Absolutely no self-control.

...

The consequence of giving The Great Demon King Quincy a free pass was that Claire Sinclair was gloriously late for work the next day.

When she arrived at the office, it was just past nine-thirty.

On her desk sat a paperback book with a white cover. The title read, *I Really Want to Love You, My Dear*, and the author was listed as "Smiling Angel."

It wasn’t just on her desk; all her colleagues had a copy of the novel on theirs as well.

It looked like a romance novel, the artsy kind. Even the title reeked of cringey melodrama.

’It’s probably another autobiography ghostwritten for some nouveau riche boss from a partner company...’

Curious, Claire Sinclair opened it to the first page. As expected, it was a complete mess.

As someone who worked with words for a living, Claire Sinclair had zero tolerance for grammatical errors and awkward sentences. She couldn’t help but roast it a little:

"Which upstart wrote this autobiography now? And this line, ’The autumnal season of fall had arrived’—their language arts teacher would have a heart attack if they knew someone used words that way."

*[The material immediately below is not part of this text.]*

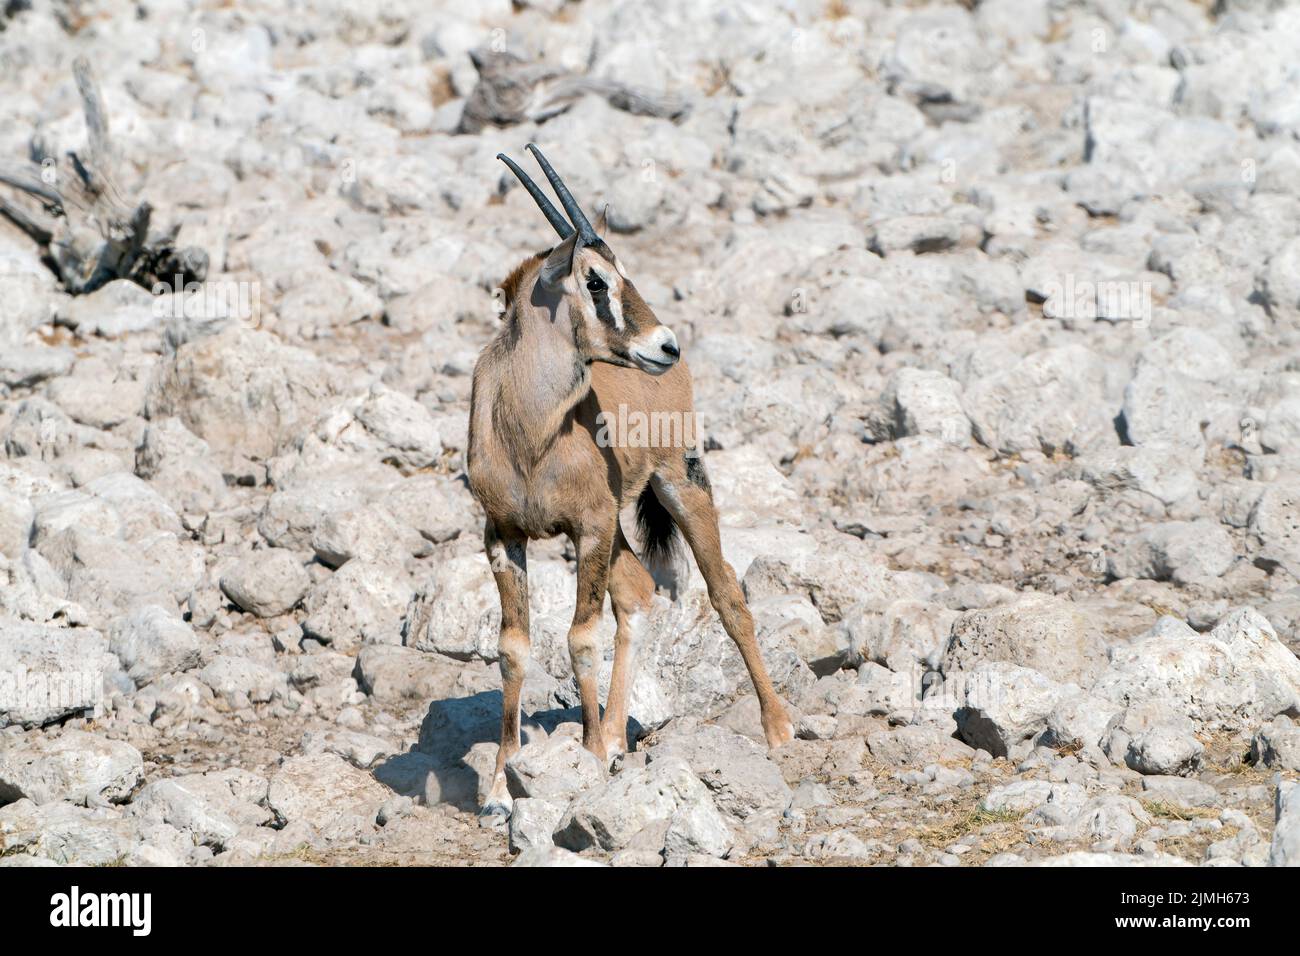 gemsbok ou oryx sud-africain, Oryx gazella, veau unique sur terrain rocheux, Parc national d'Etosha, Namibie Banque D'Images
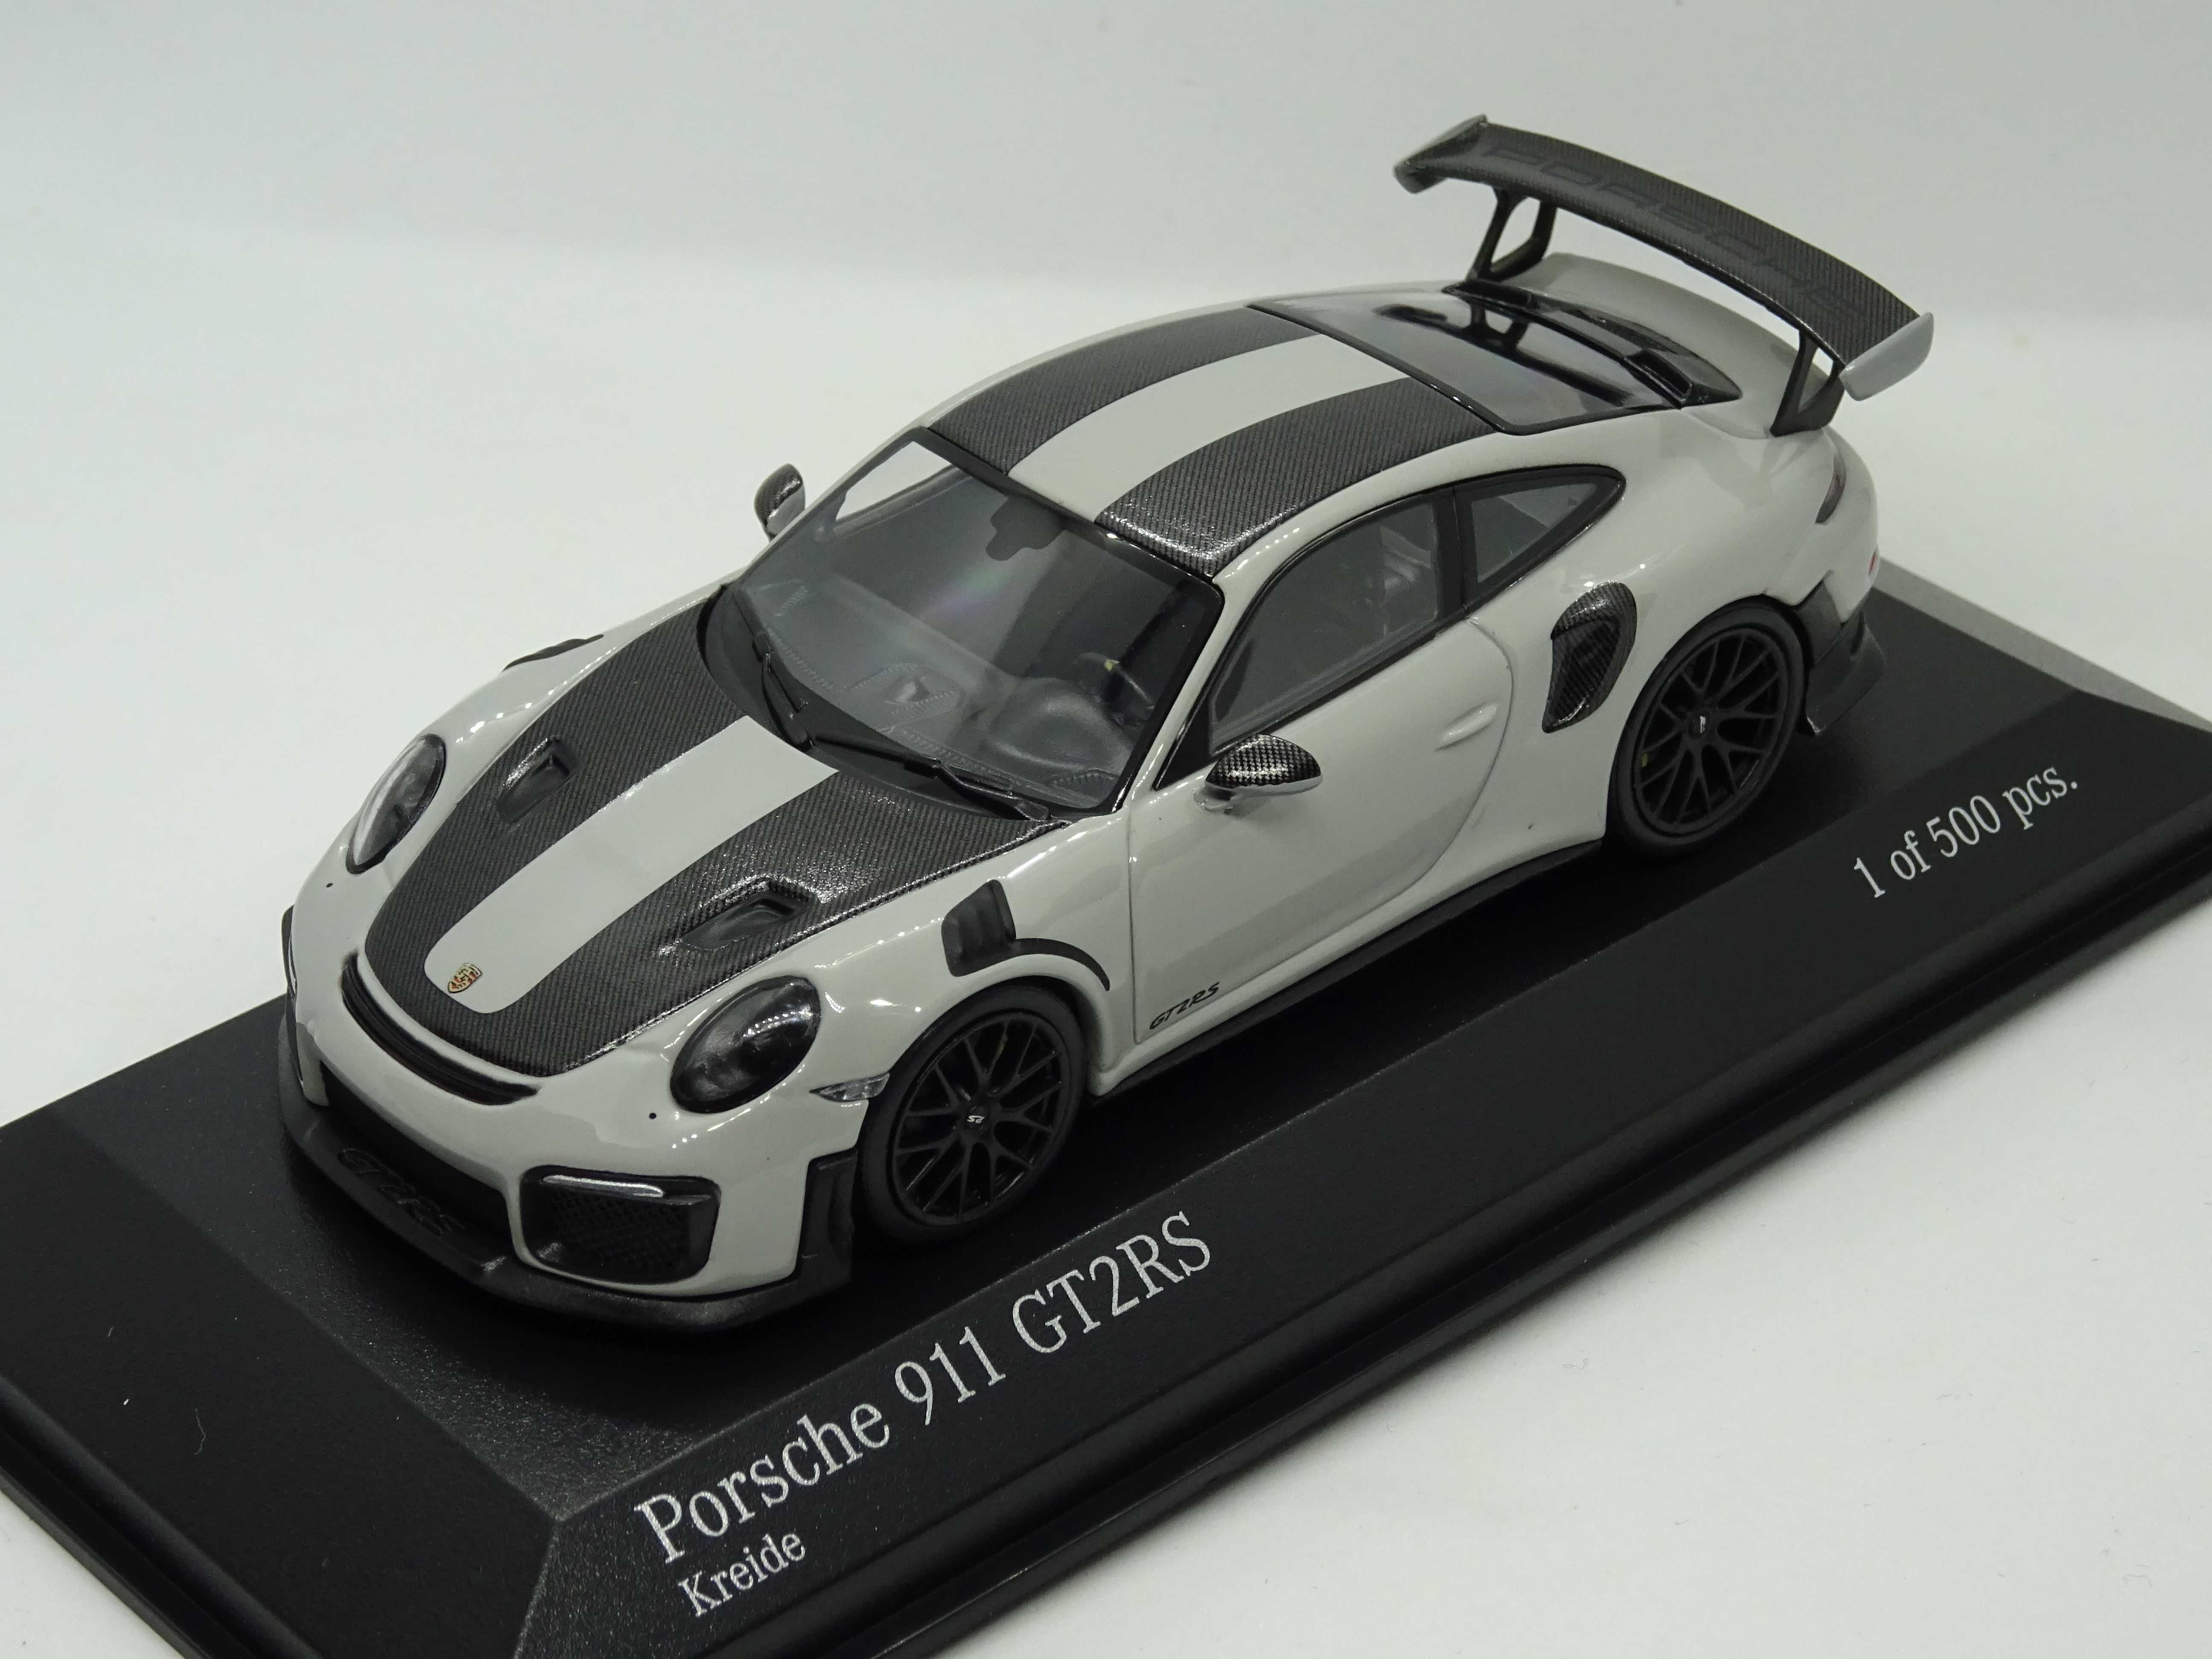 Macheta Porsche 911 GT2RS Minichamps 1:43

Hearing this, her other colleagues all had strange expressions on their faces.

Someone glanced at Phoebe Lockwood’s empty seat and joined in the criticism. "’The autumnal season of fall had arrived’ is nothing. Look at the third line: ’also found a sofa in front of the floor-to-ceiling window that didn’t have anything on it.’ How clunky is that? Do you even know what it means? Because I sure don’t."

"The funniest part is the eighth line, ’was overwhelmed by favor to my mother.’ HAHAHA, that killed me!"

"Yeah, well I was ’earth-shatteringly to my father!’ That’s not how you use ’overwhelmed by favor’..."

But then again, that "overwhelmed by favor to my mother" gag sounded a little familiar.